• **GIVEN DATA**

--*--

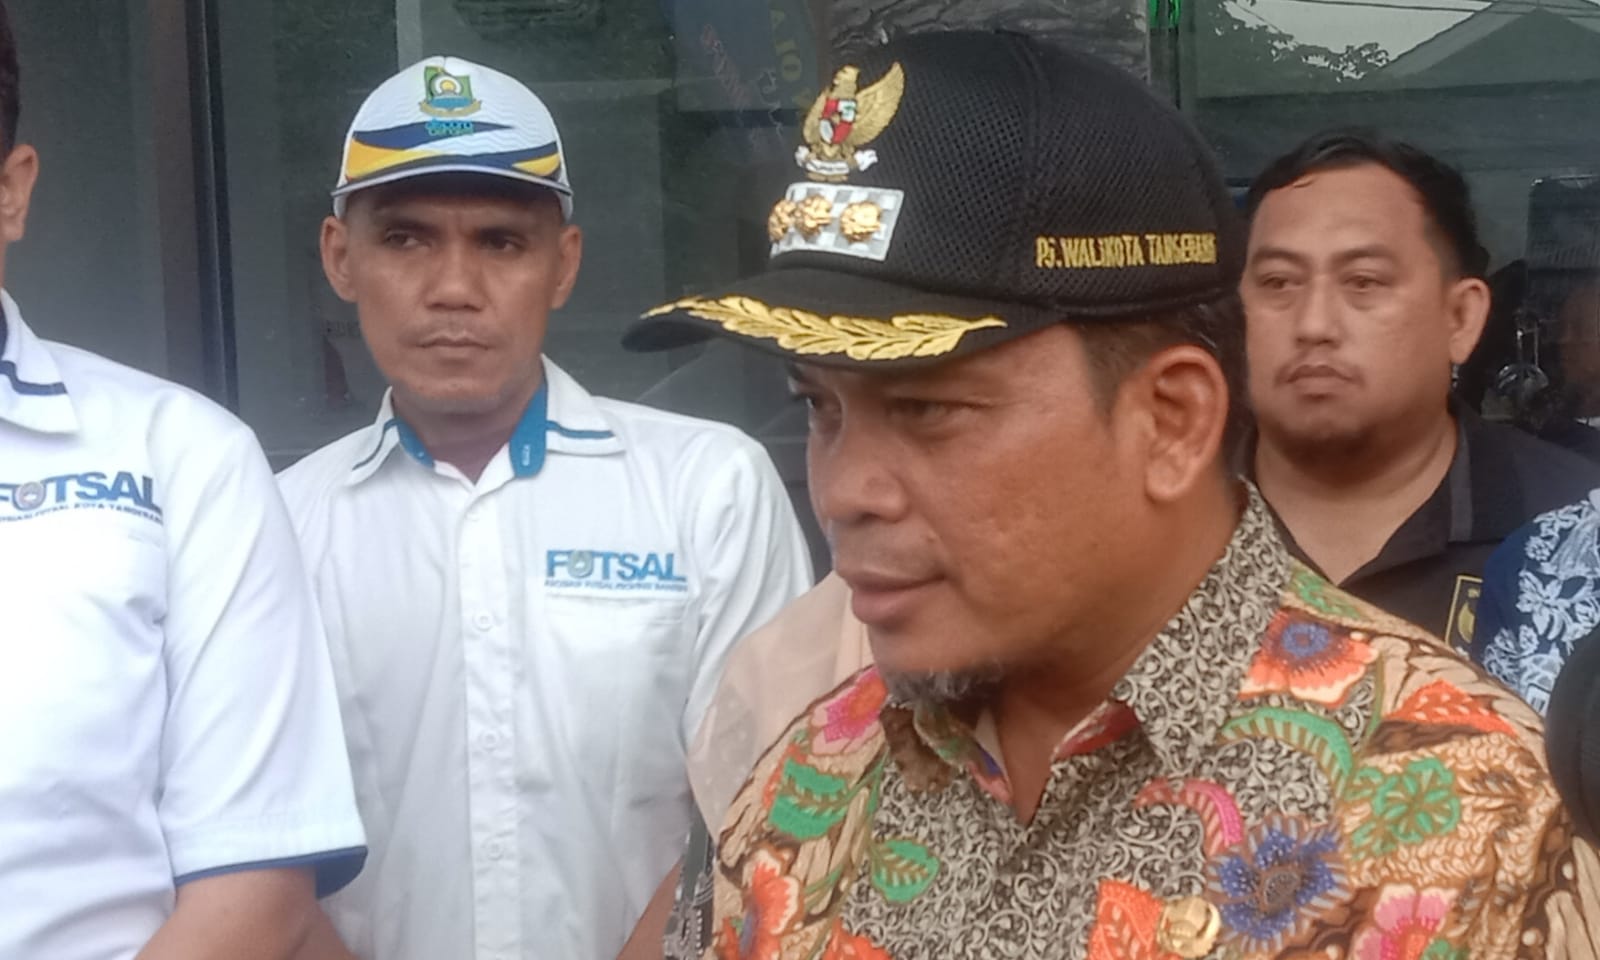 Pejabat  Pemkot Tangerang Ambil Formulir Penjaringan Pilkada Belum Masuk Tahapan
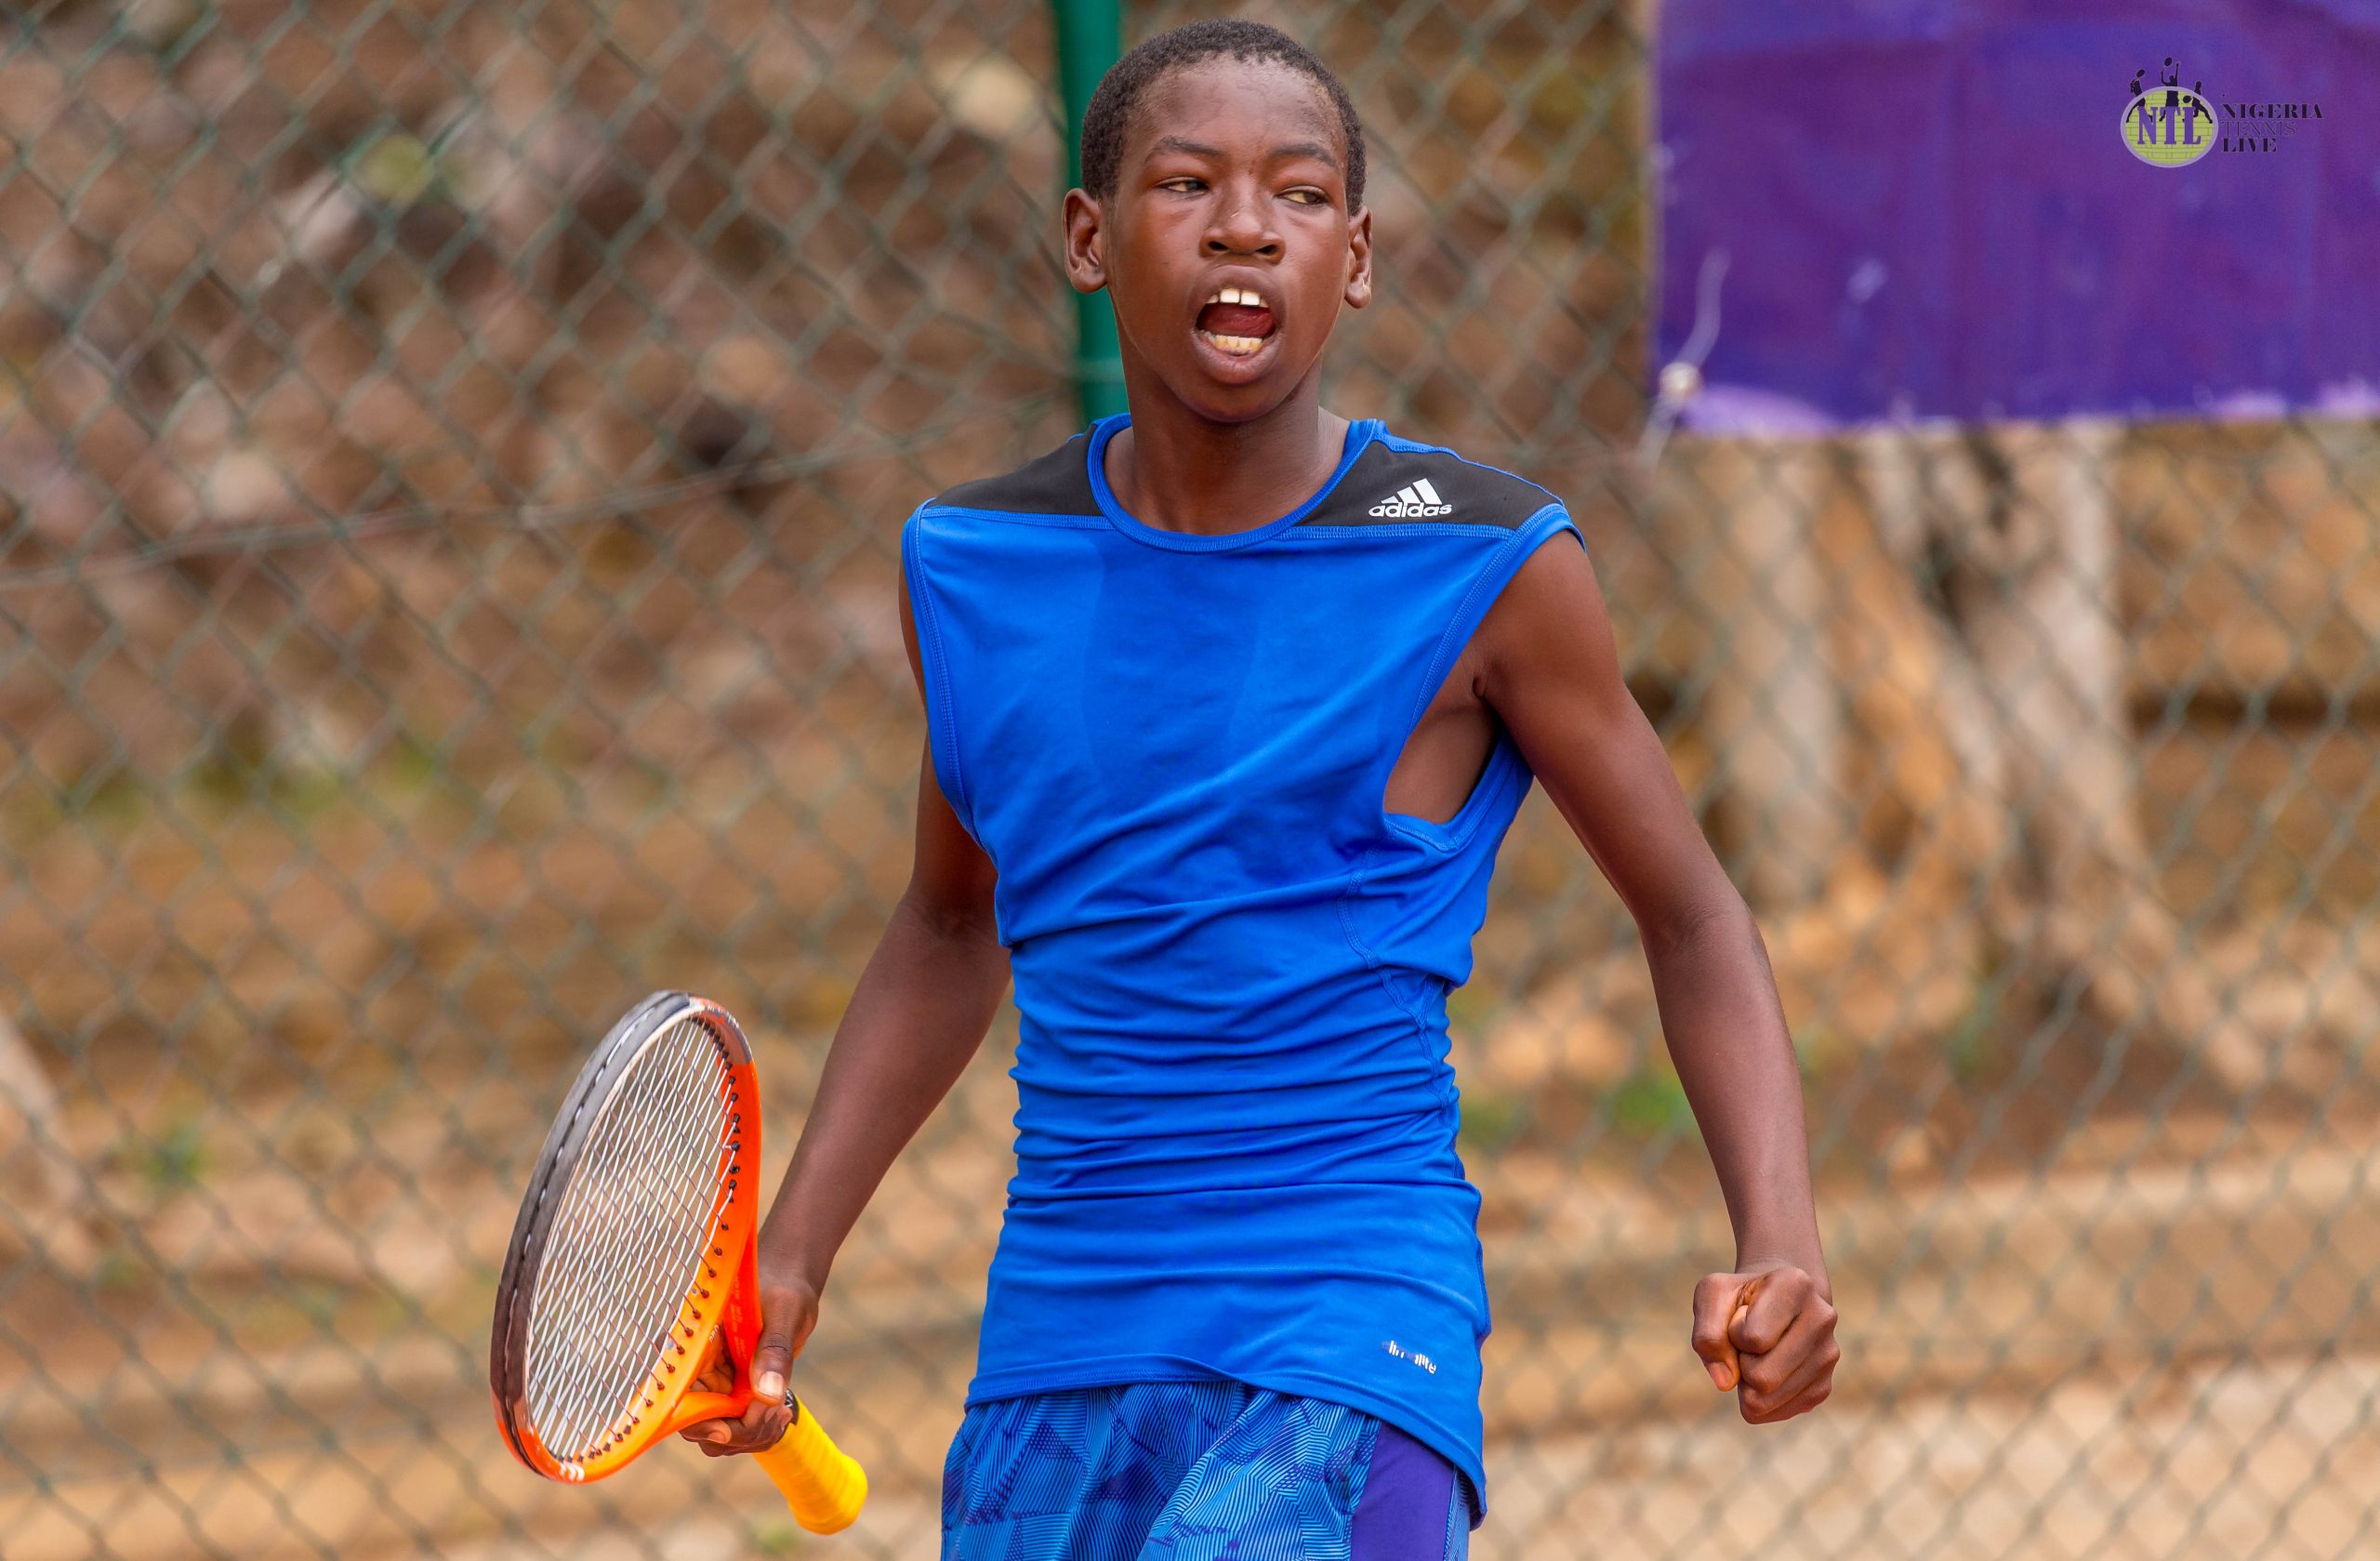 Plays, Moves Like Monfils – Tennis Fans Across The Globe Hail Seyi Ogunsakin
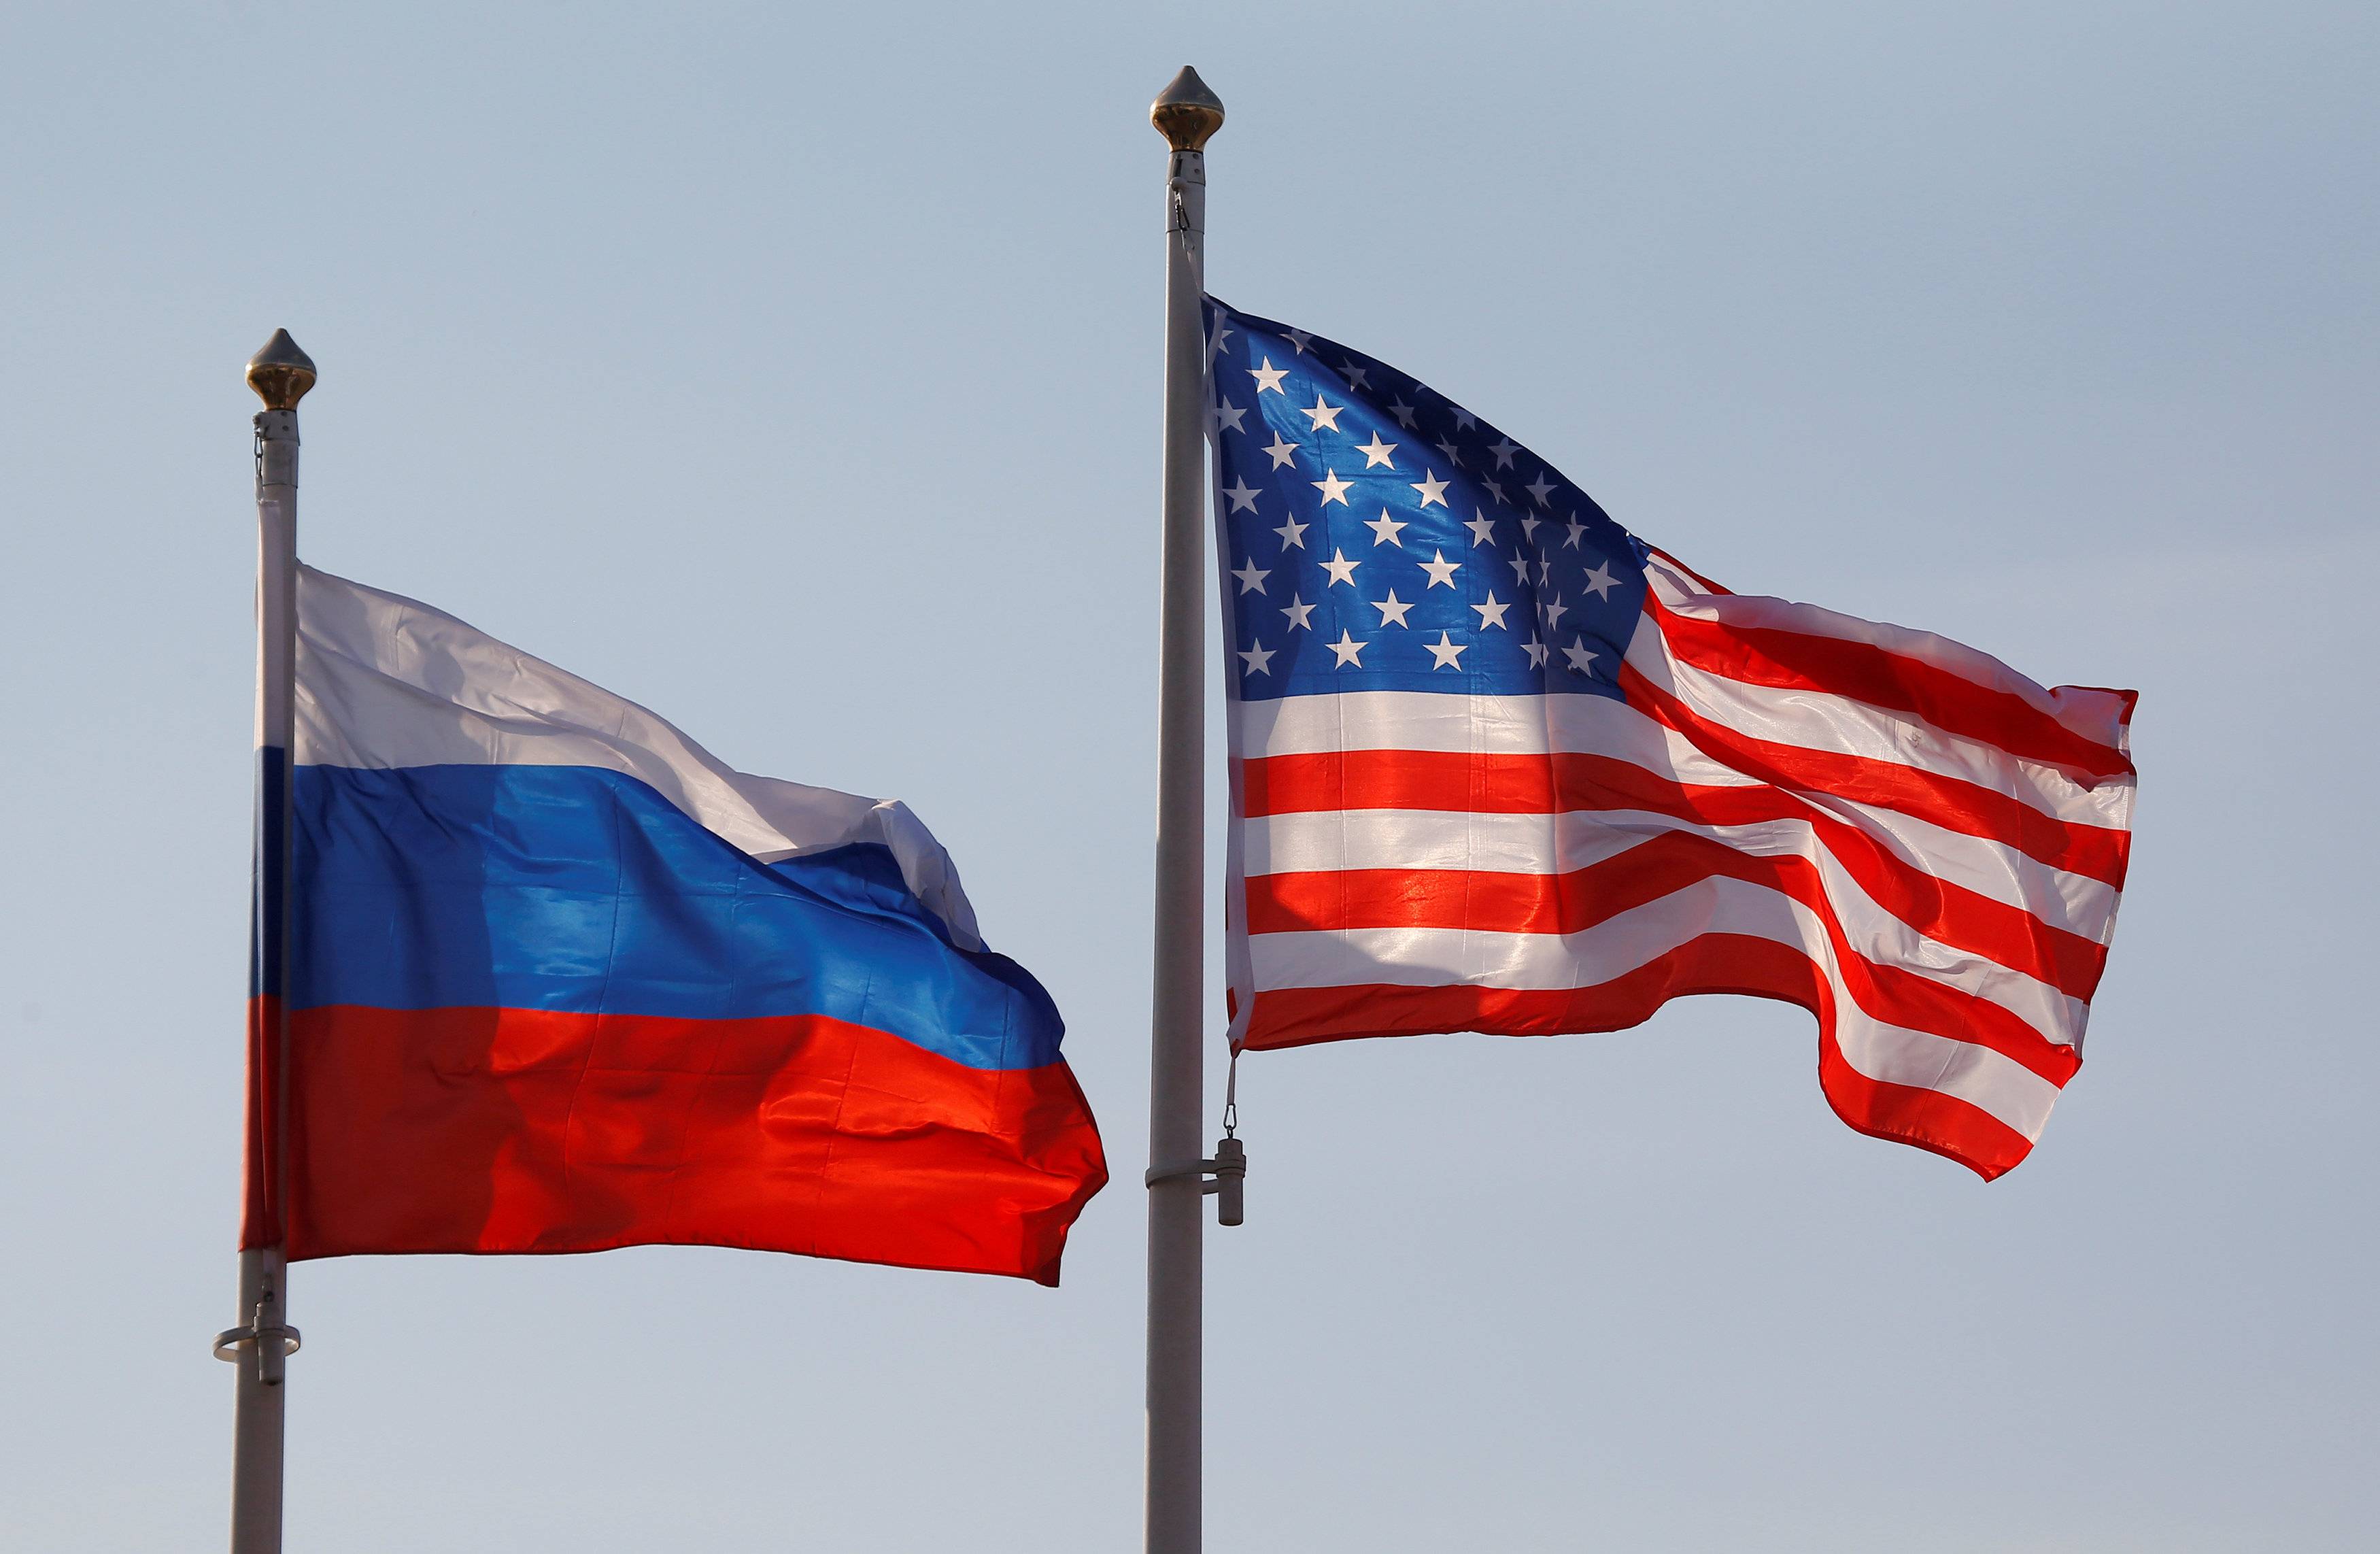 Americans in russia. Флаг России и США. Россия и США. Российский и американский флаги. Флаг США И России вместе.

--*--

• **PROBLEM DETAILS**
Only an exact copy is wanted: the lines from the opening of the material through the line that has "Plays, Moves Like", minus any pictures.

• **SOLVED EXERCISE**
 Pejabat  Pemkot Tangerang Ambil Formulir Penjaringan Pilkada Belum Masuk Tahapan
 Plays, Moves Like Monfils – Tennis Fans Across The Globe Hail Seyi Ogunsakin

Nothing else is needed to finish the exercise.